**Work task:** Copy out the listing that follows, exactly, without its pictures.

The data Block Start

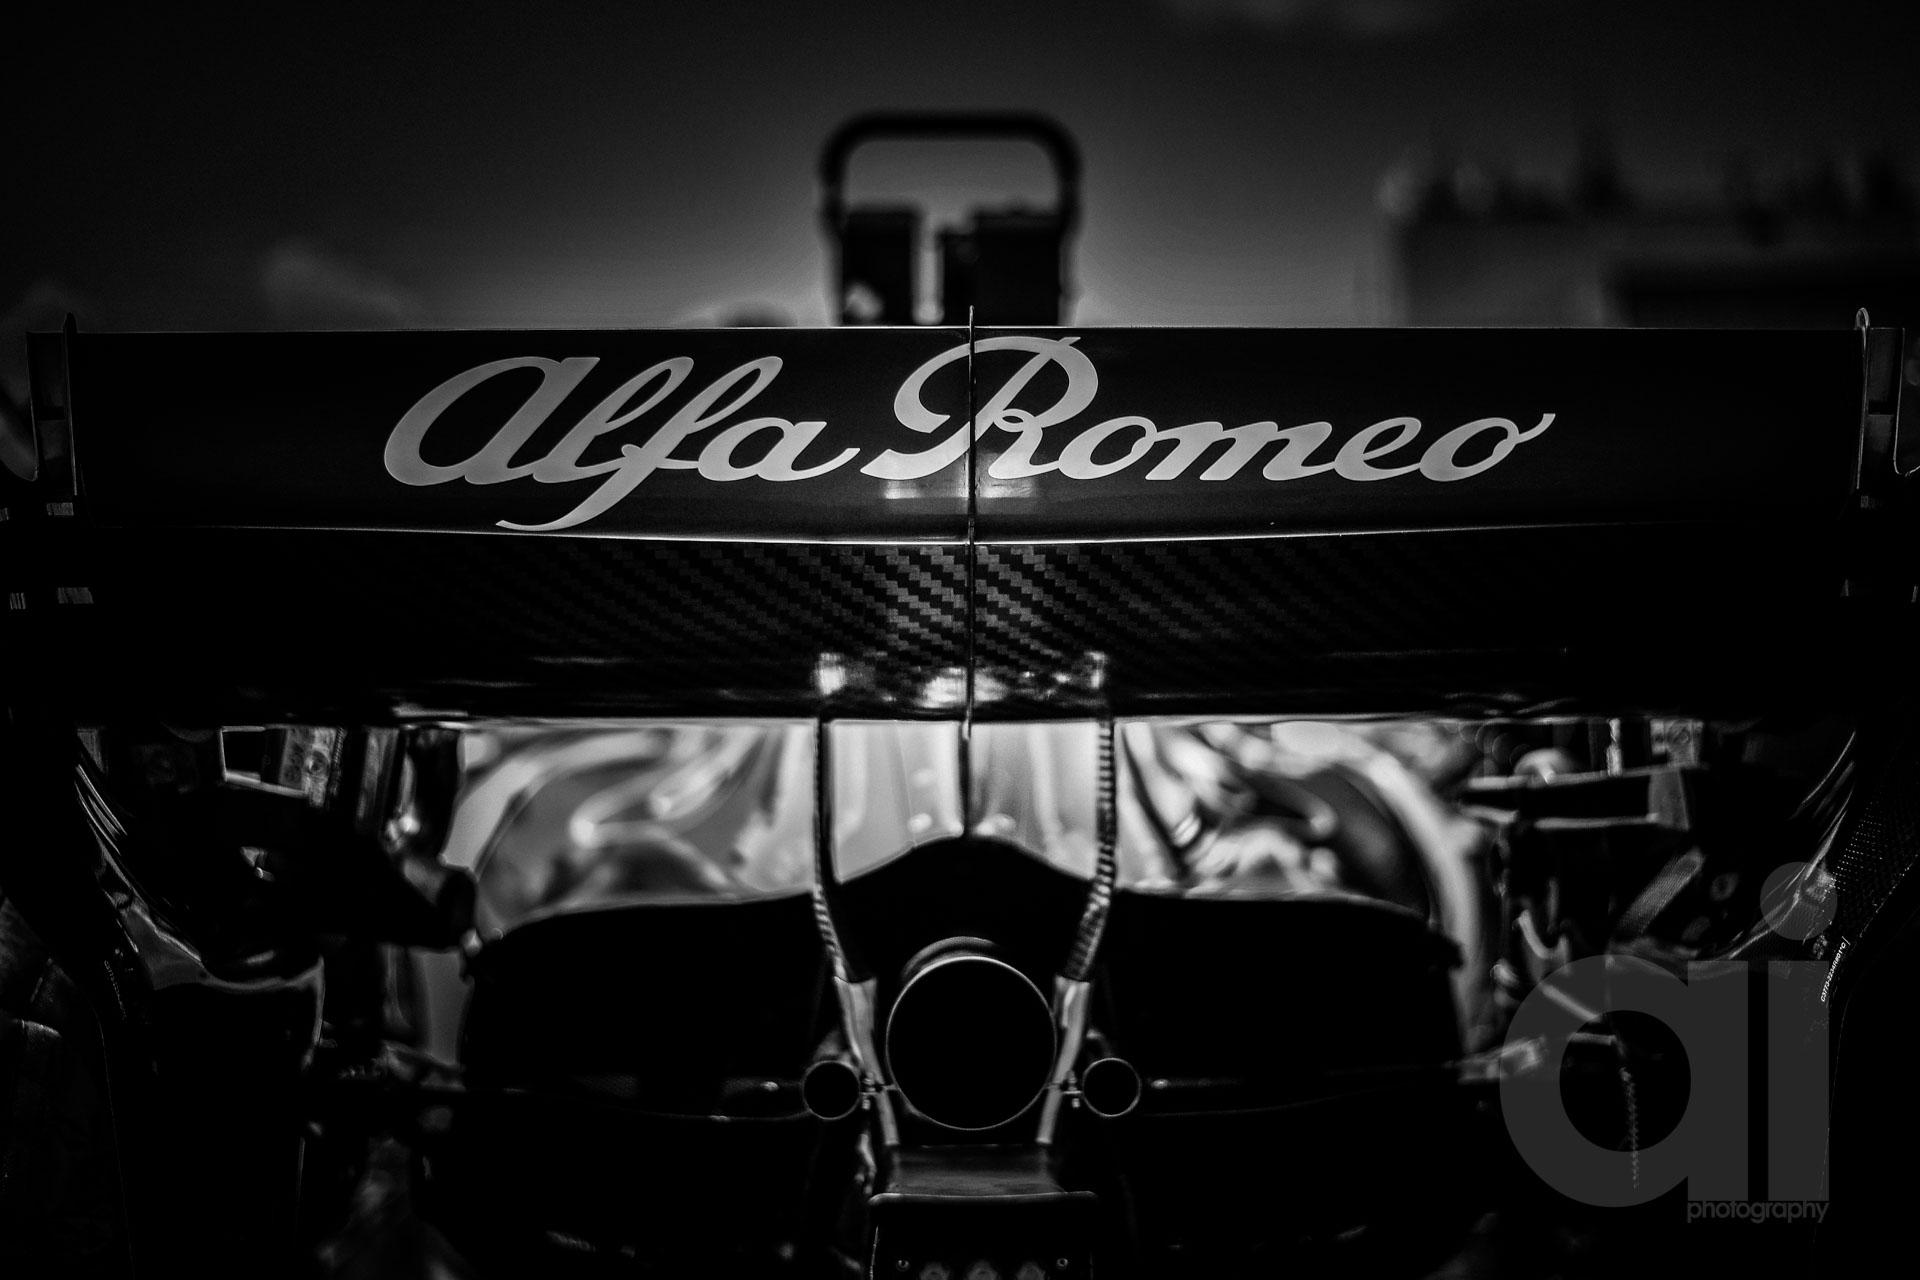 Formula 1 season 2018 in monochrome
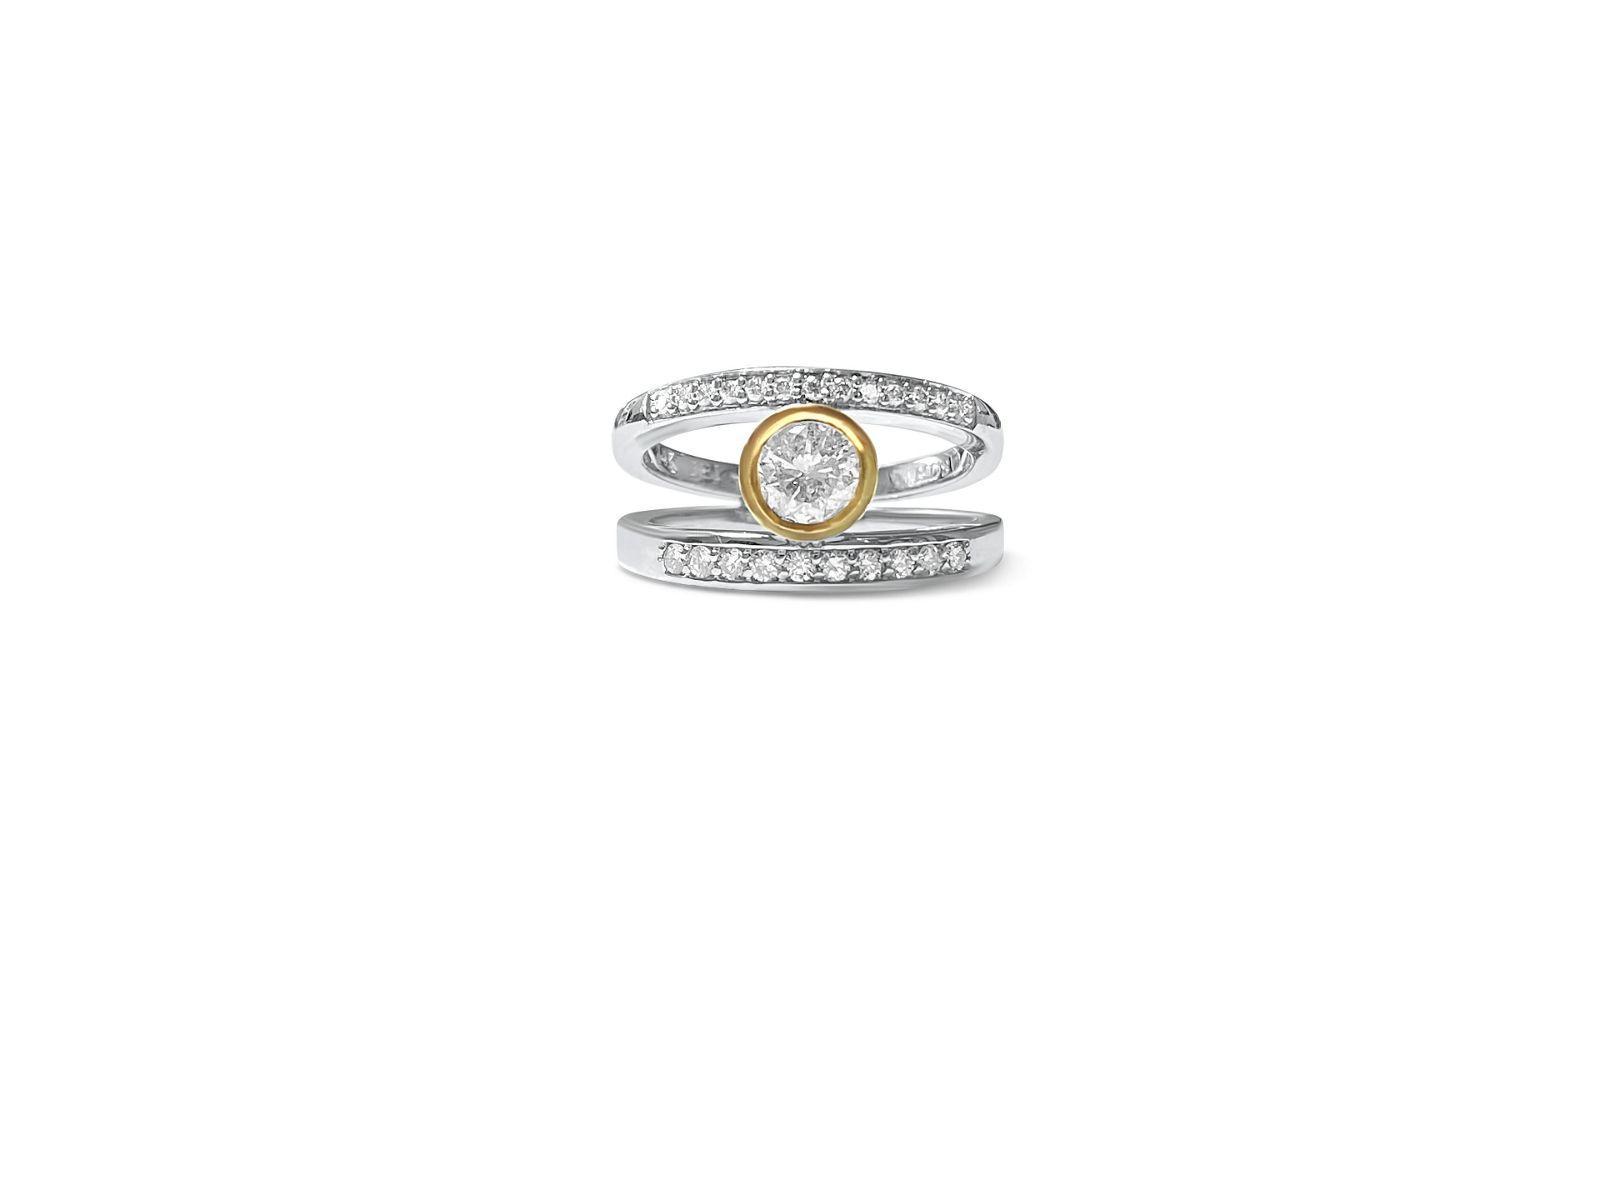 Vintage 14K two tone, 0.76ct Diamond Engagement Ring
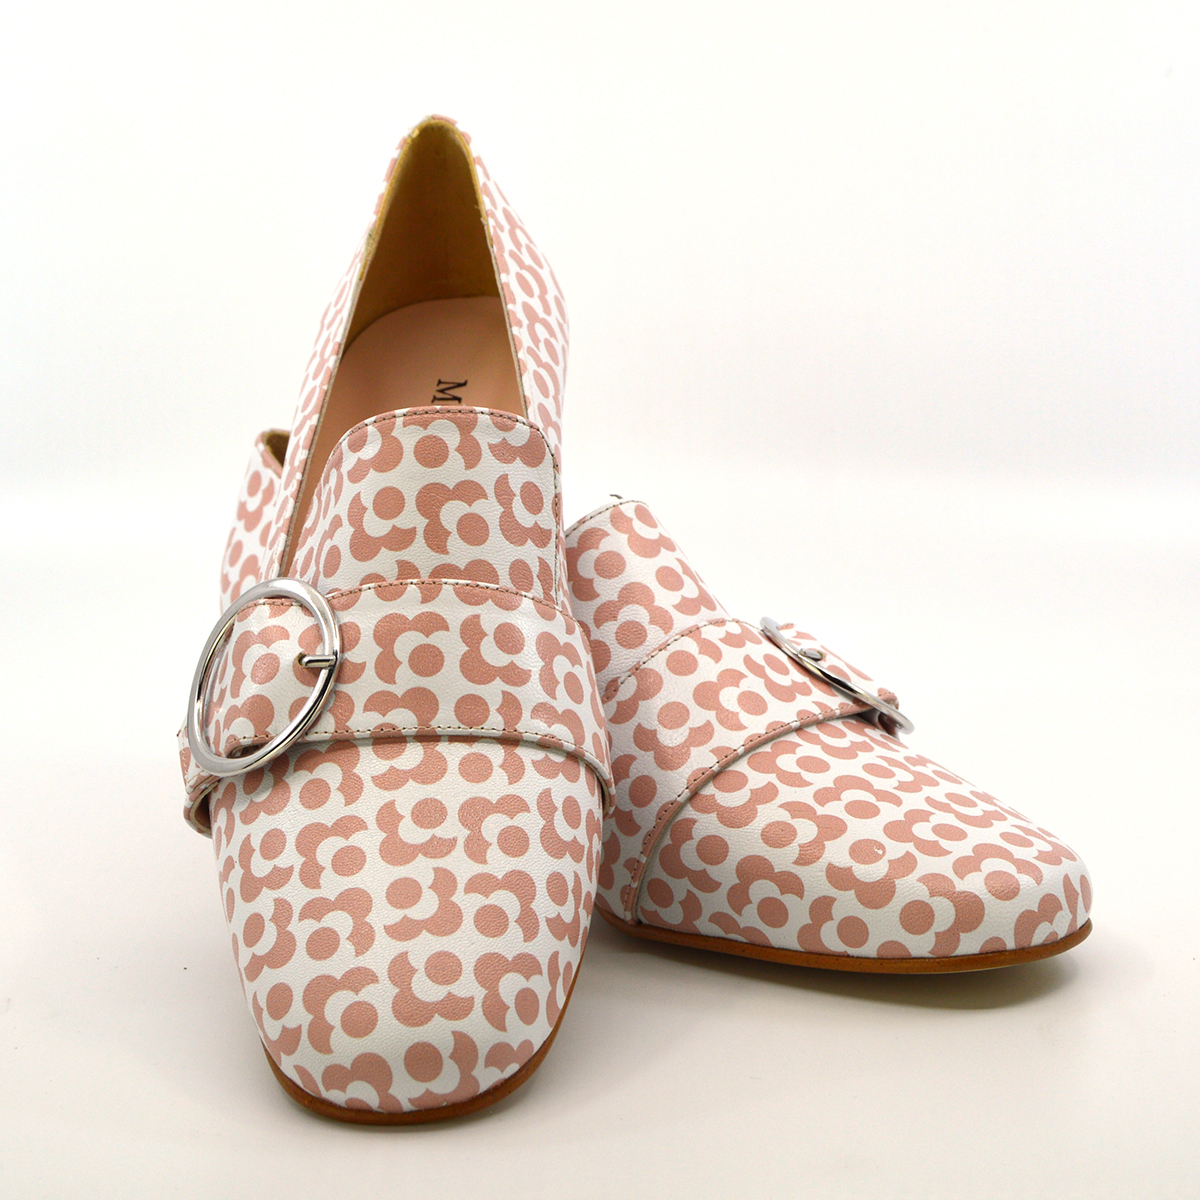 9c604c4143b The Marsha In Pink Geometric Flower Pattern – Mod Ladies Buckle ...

The data Block End

**Written answer:**
 Formula 1 season 2018 in monochrome
 Vintage 14K two tone, 0.76ct Diamond Engagement Ring
 9c604c4143b The Marsha In Pink Geometric Flower Pattern – Mod Ladies Buckle ...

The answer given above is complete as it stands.